▼▼▼

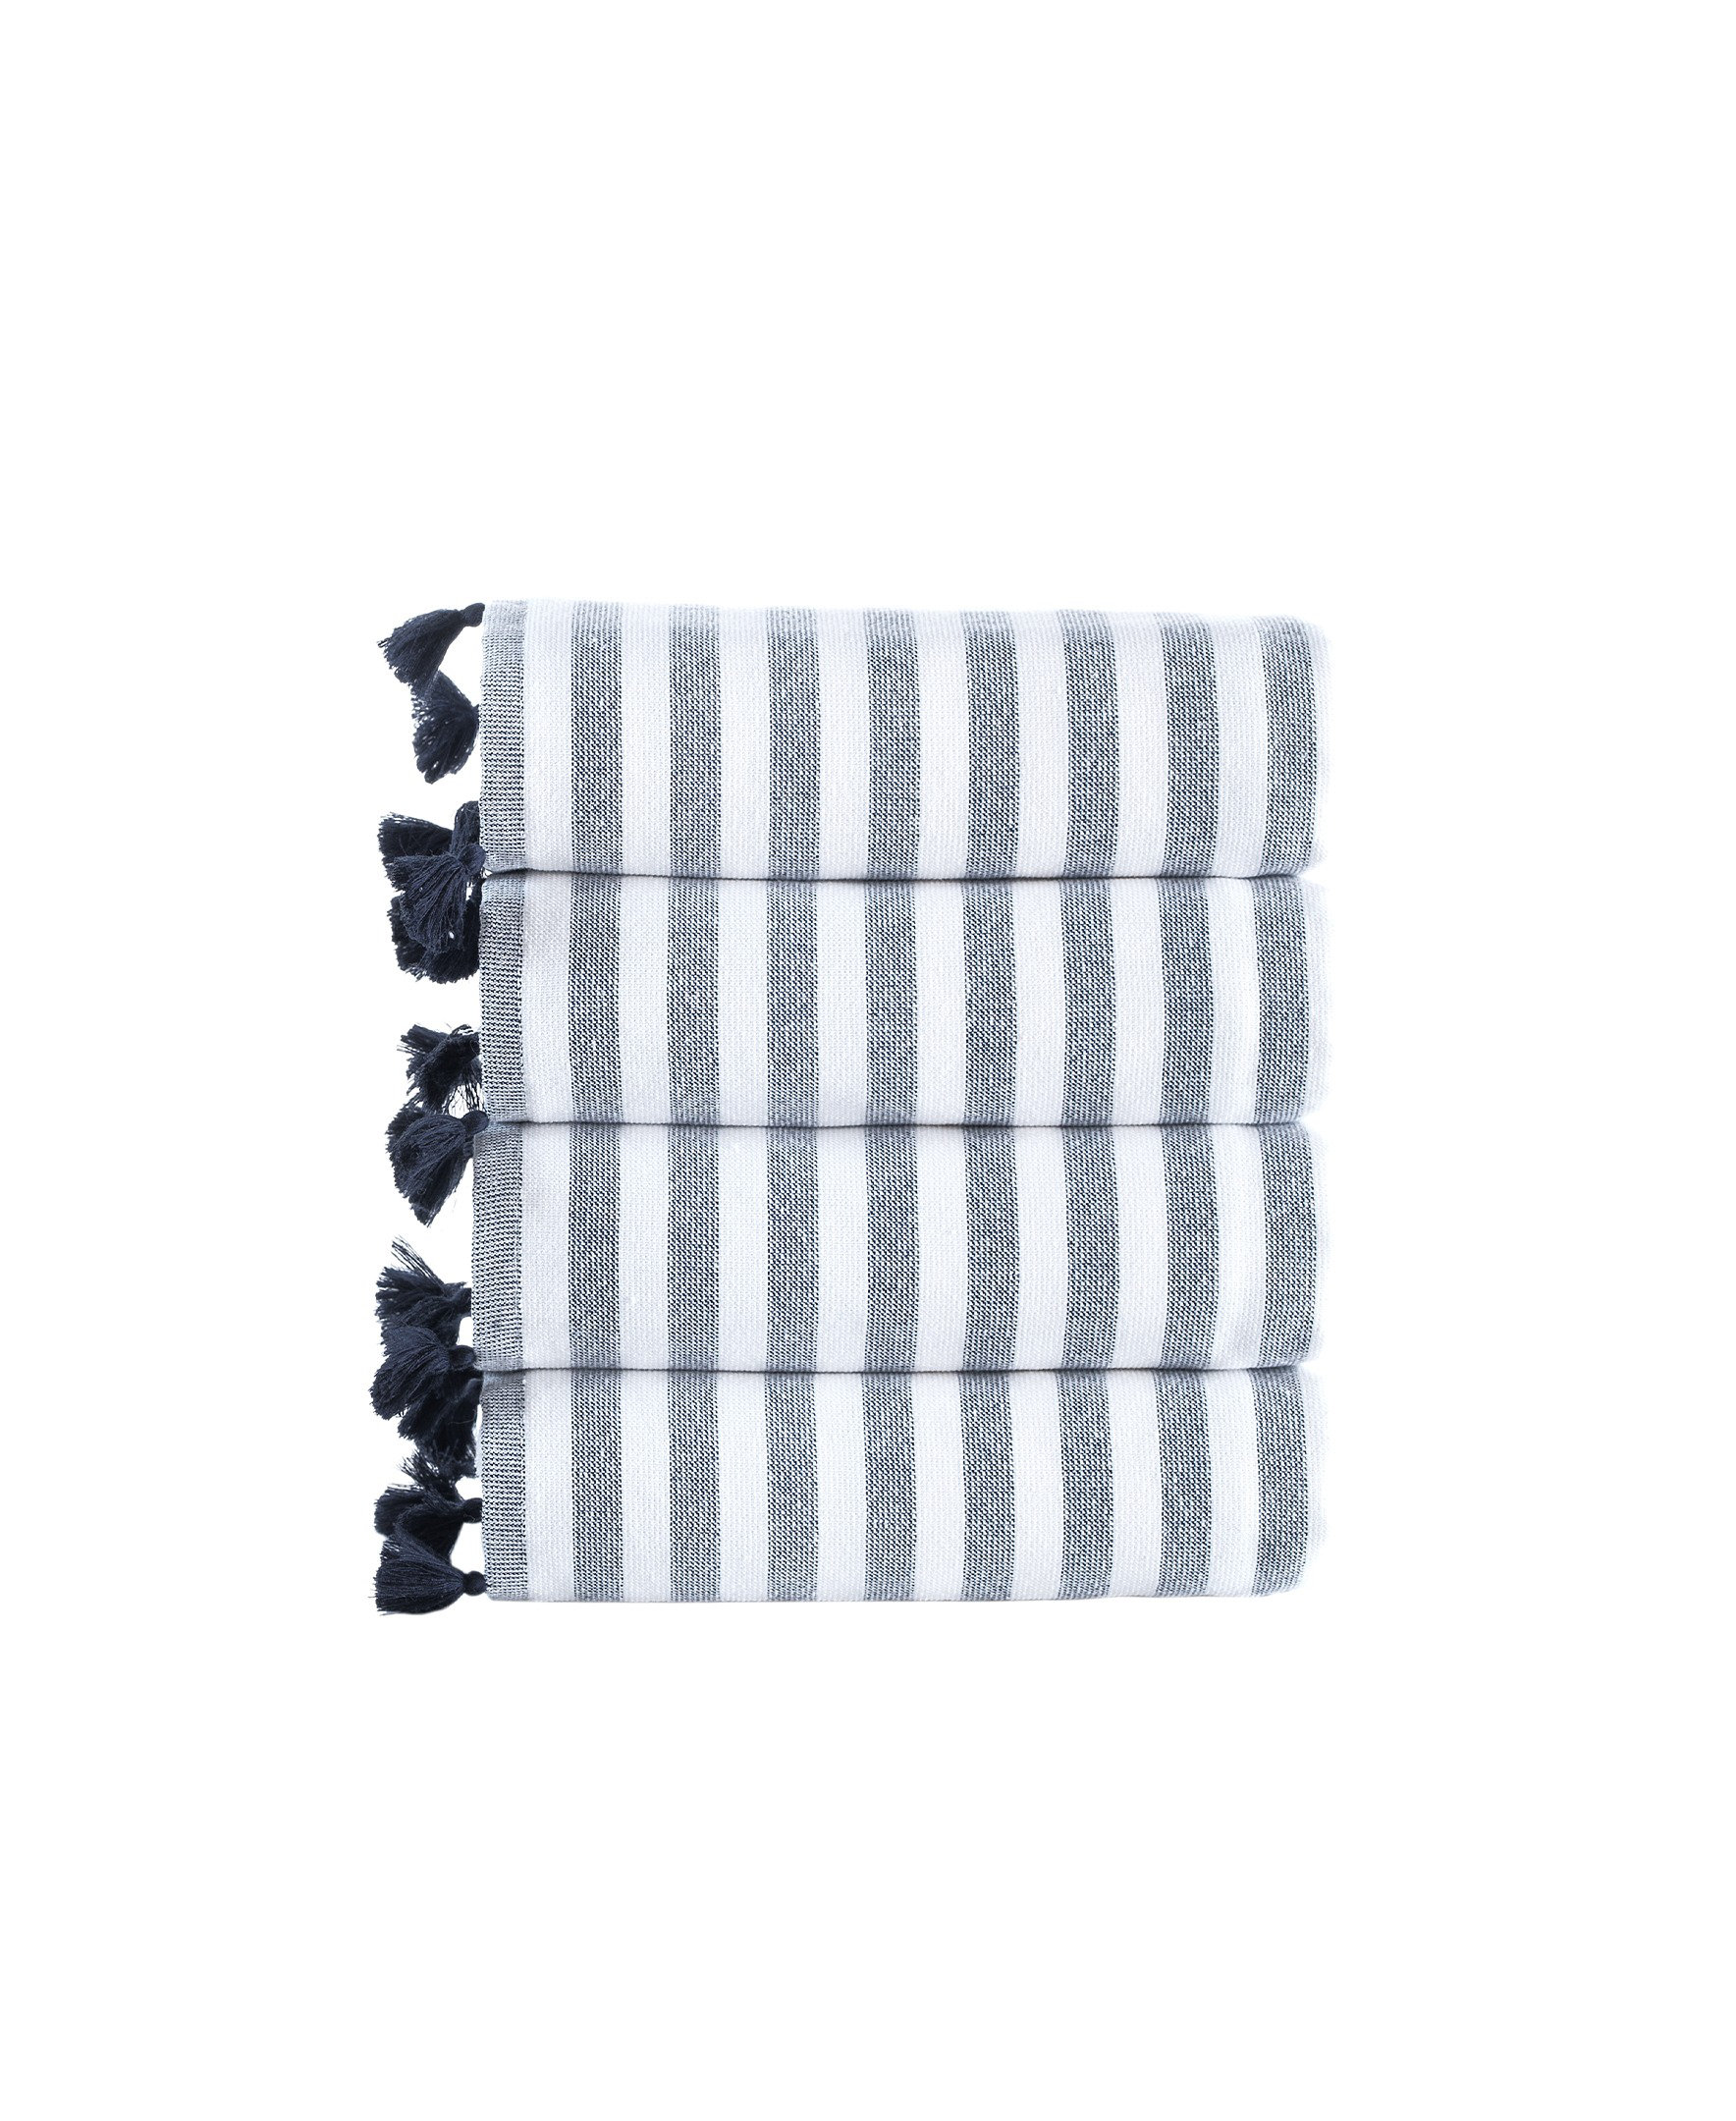 Cascata Turkish Cotton Hand Towels (Set of 6) Wade Logan Color: White
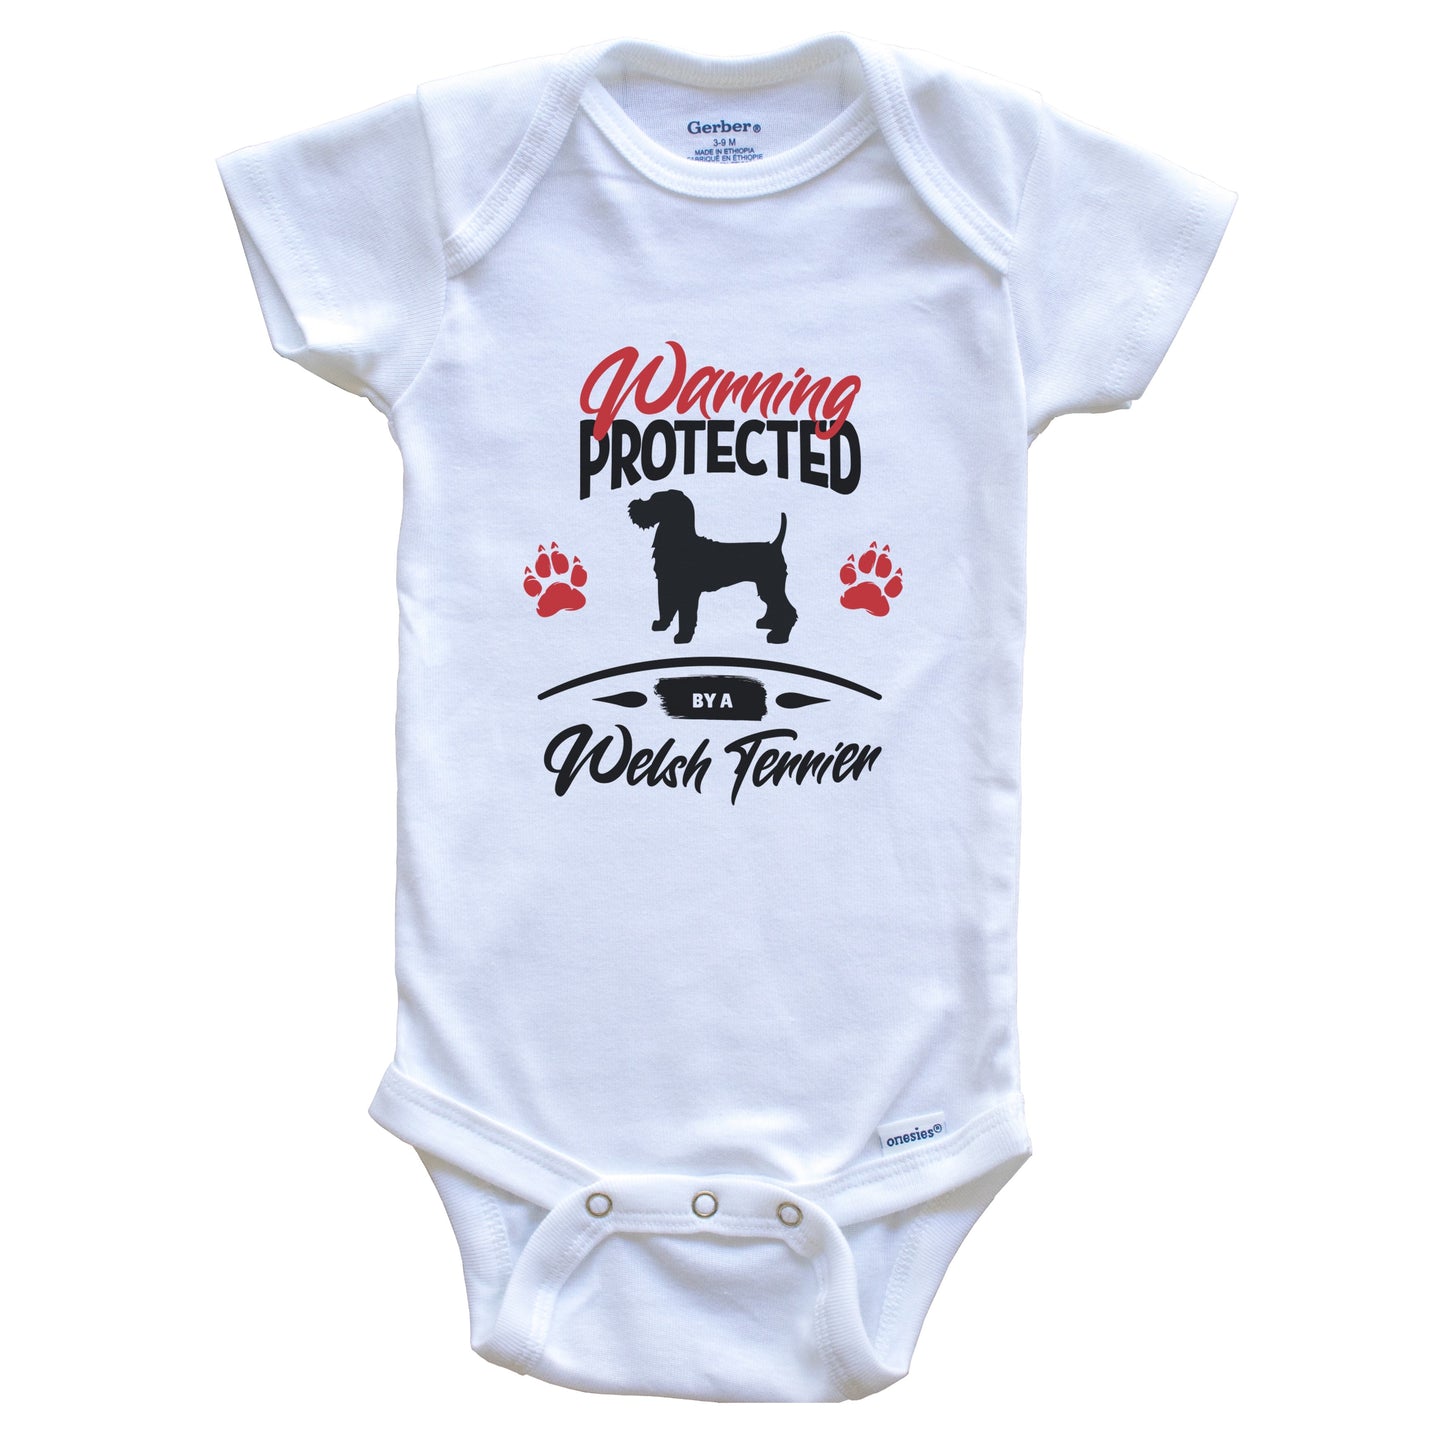 Warning Protected By A Welsh Terrier Funny Dog Owner Baby Bodysuit
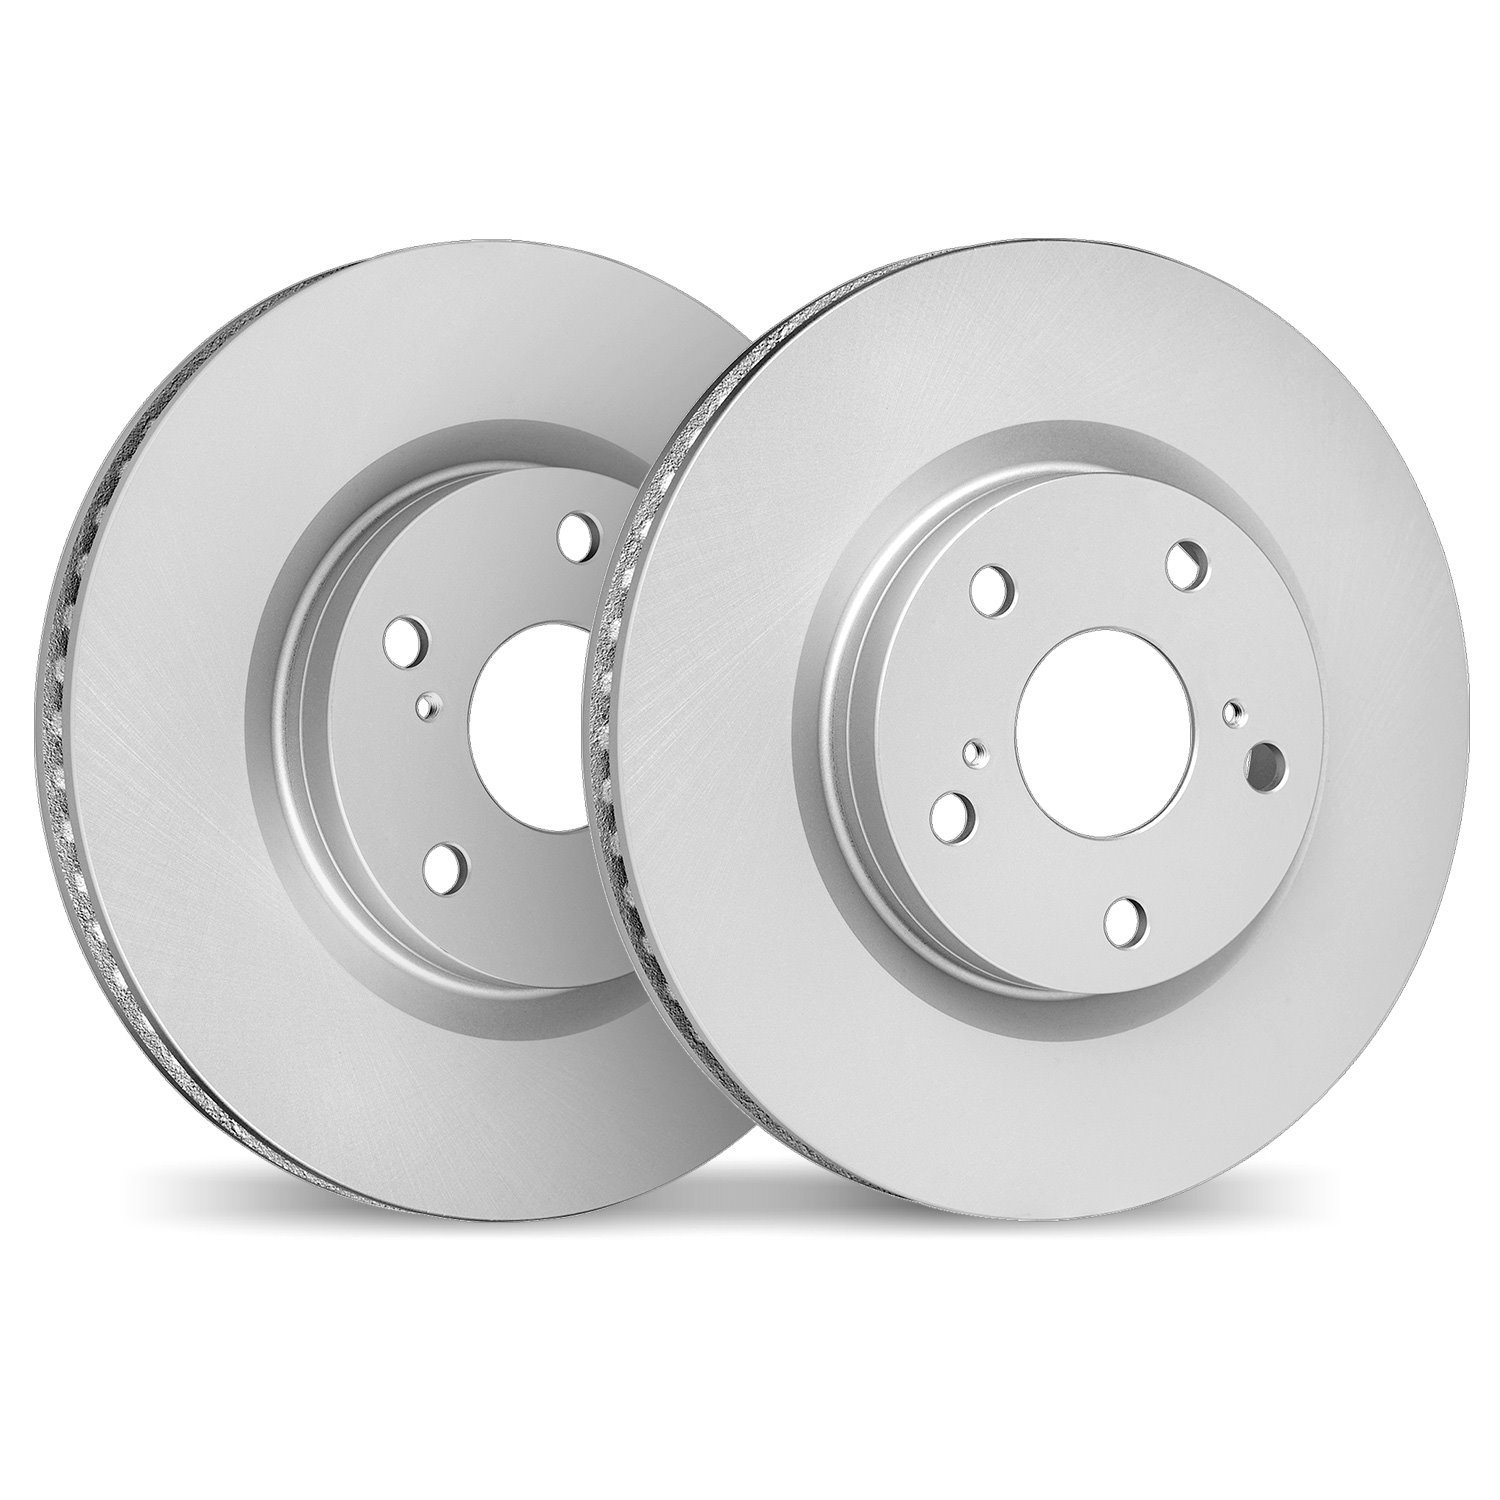 4002-54149 Geospec Brake Rotors, Fits Select Ford/Lincoln/Mercury/Mazda, Position: Front
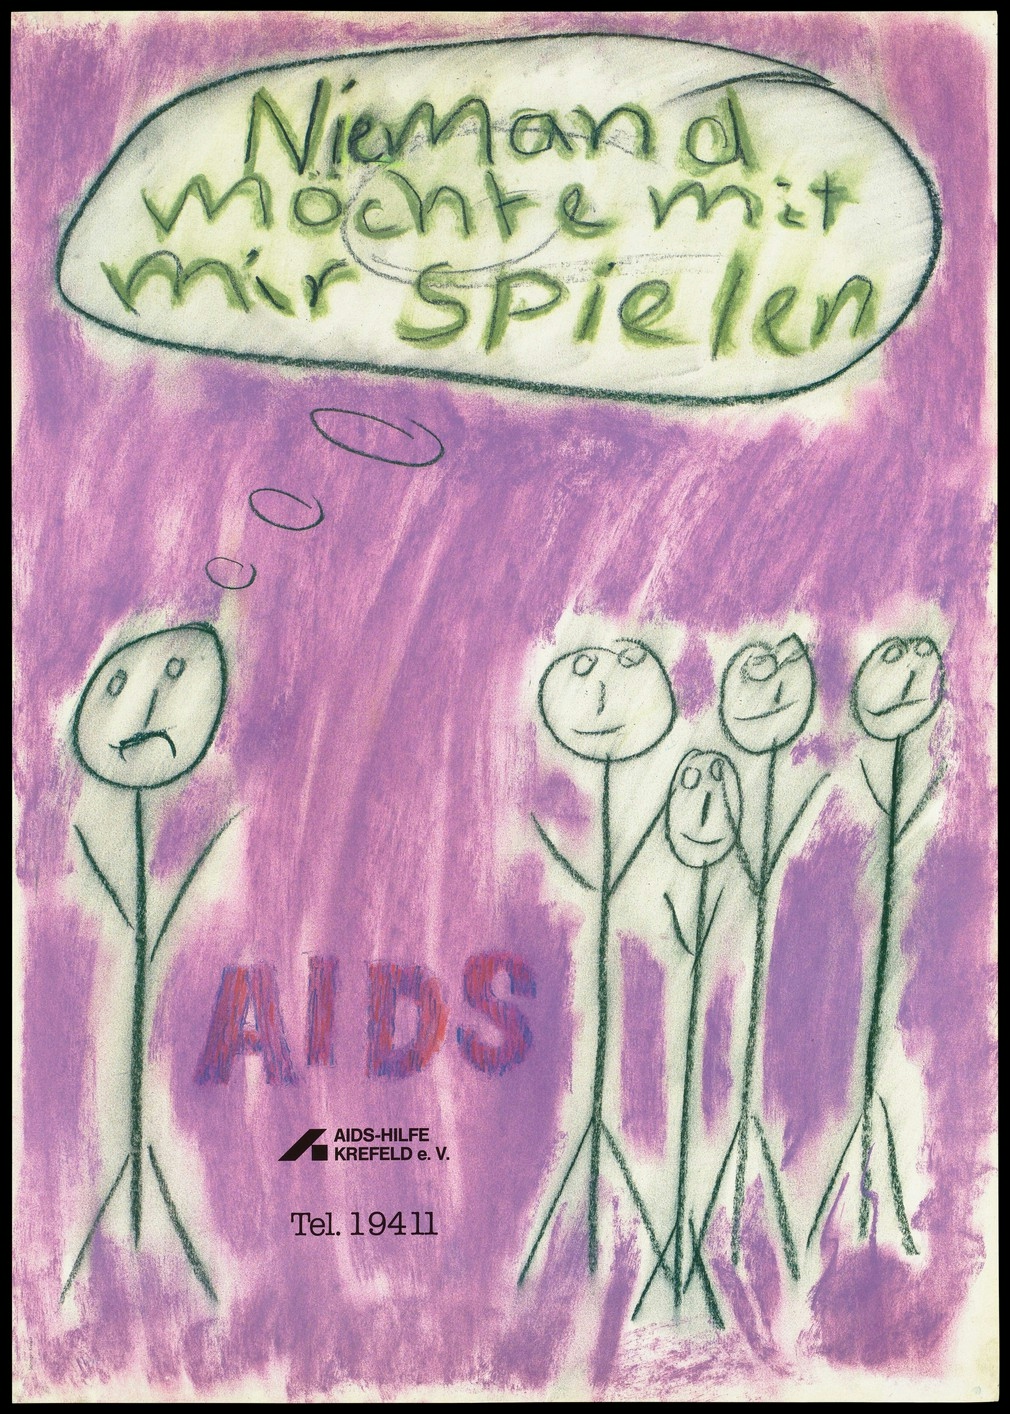 Poster depicting a group of four roughly drawn stick men in a group next to a single stick man on their own. German writing.

▲▲▲

Exercise directions:
Everything in the listing is to be returned word for word, except the pictures.

Solution:
 Cascata Turkish Cotton Hand Towels (Set of 6) Wade Logan Color: White
 Warning Protected By A Welsh Terrier Funny Dog Owner Baby Bodysuit
 4002-54149 Geospec Brake Rotors, Fits Select Ford/Lincoln/Mercury/Mazda, Position: Front
 Poster depicting a group of four roughly drawn stick men in a group next to a single stick man on their own. German writing.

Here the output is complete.